3. FF最速の戦い 痛快なパワートレインに

3つ目の注目点は、パワートレイン。これまでのシビック・タイプRを上回るパフォーマンスを目指し、専用の2L VTECターボを磨き上げ、高出力・高レスポンスを追求した。

新型シビック・タイプRのパワースペックは公表されていないが、先代タイプRは320ps/40.8kg-m。おそらく、この数値は上回るのではないかと推測できる。


3本出しのパイプと、美しいスポイラーがリアビューを飾る。ドライブモードは「コンフォート」「スポーツ」「+R」、さらにエンジン/ステアリング/サスなどの設定をカスタムできる「インディビジュアル」という4つを用意。    前田惠介

インテークとエグゾーストにVTC(連続可変バルブタイミング・コントロール機構)、エグゾーストにはVTEC(可変バルブタイミング・リフト機構)、高効率エキマニ冷却、2ピース・ウォータージャケットなどで環境性能と出力を追求。高応答小型ターボ、電動ウェストゲート、軽量高剛性クランクシャフトなどで、高出力・高レスポンス化を図る。

さらに、ターボチャージャーの翼の枚数や形状の見直しによる効率向上やイナーシャの低減により、先代と比べてパワーウェイトレシオと最高速度はアップするという。

フライホイールは先代比で18%軽量化され、慣性重量も25%減少。レブマッチシステムのブリッピング性能も先代比で10%向上している。

さらに、レブマッチシステムを6速MTの全段で適用し、(先代まではなかった)エンジン回転操作が大きい2速から1速へのシフトダウンでも自動ブリッピングを使えるように進化した。

「一度乗ったらシフトチェンジが病みつきになる」 そんなマニュアルシフト車の操る歓びを最大化させたという。

4. ブレない安定&信頼感 シャシーとボディ

プラットフォームとボディの進化も注目点。

構造用の接着剤を塗布する部分は先代より3.8倍も増やし、テールゲートは樹脂製となり先代(スチール製)より約20%軽量化されている。

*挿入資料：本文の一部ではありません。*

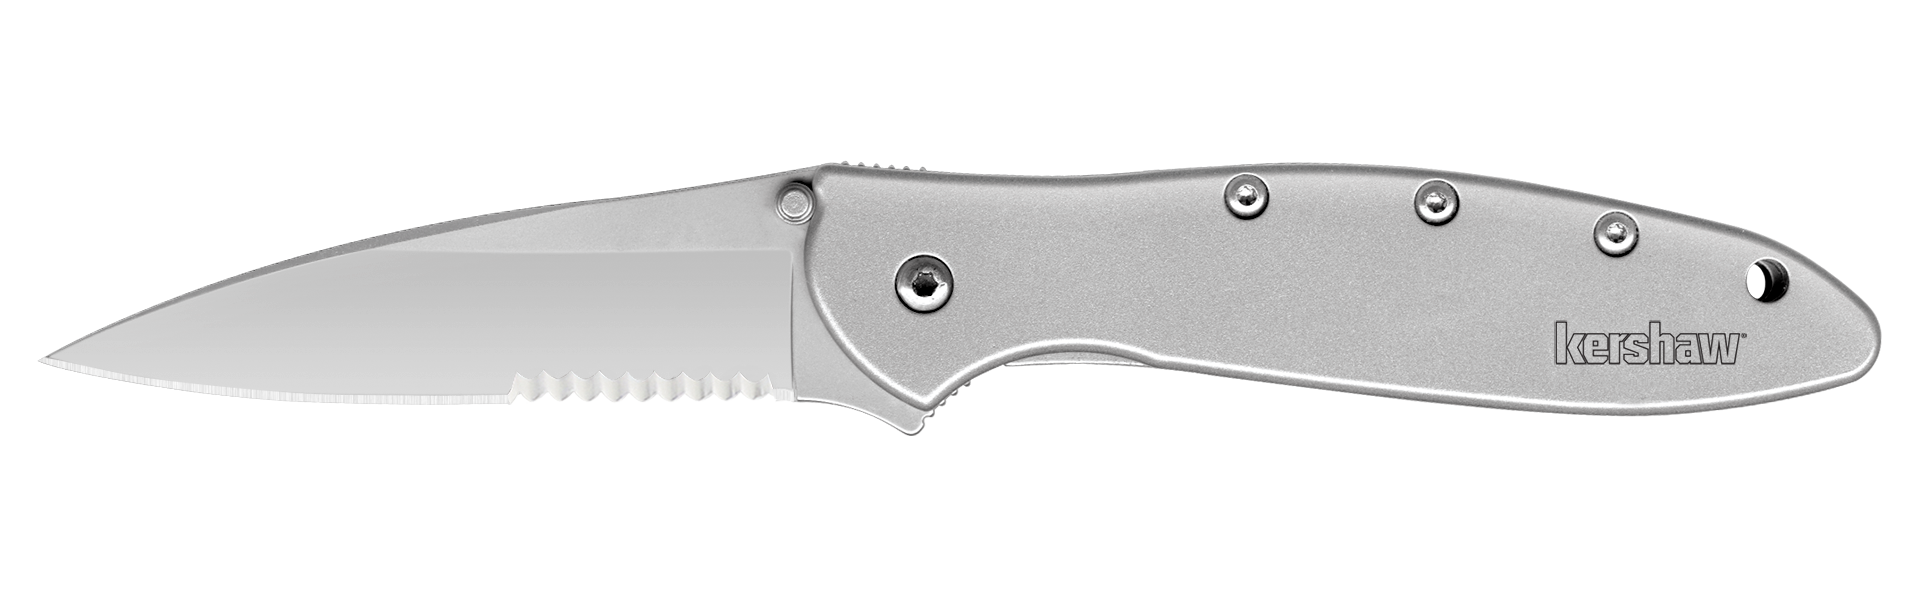 Kershaw Leek - Assisted Opening - Stainless Handle - Stainless Finish - 1660ST

新型のシャシーは、速さを追求するだけでなく運転することに夢中になれるようなハンドリング、軽量・高剛性のボディに合わせて、高速走行時における高い安定性を追求している。    前田惠介

空力面は、ボンネットフード、フロントバンパー&アンダーカバー、リアスポイラー、リアディフューザーなど、レースからフィードバックした専用の空力アイテムにより、リフト係数は前・後とも先代よりアップ。

200km/hでの走行時には、900ニュートンのダウンフォースが発生するという。

また、265/30ZR19というワイドなタイヤに対応したサスペンション・ジオメトリーの最適化や、関連パーツ(ロアアーム、ダンパーフォーク、ナックルなど)の剛性最適化により、FFハイパワースポーツカーに必須な駆動トルクタフネスと、さらなる高剛性化も達成した。

個人的には、リアルタイムに車両の情報を確認できるデータロガー「ホンダ・ログR」が興味深い。機械的な運動情報を見ることができ、自分の運転操作・車両挙動を知ってドライビングスキルを高められる。さらに走行映像を世界中のタイプRユーザーとシェアできるなど、新たなドライビングプレジャーも提供してくれる。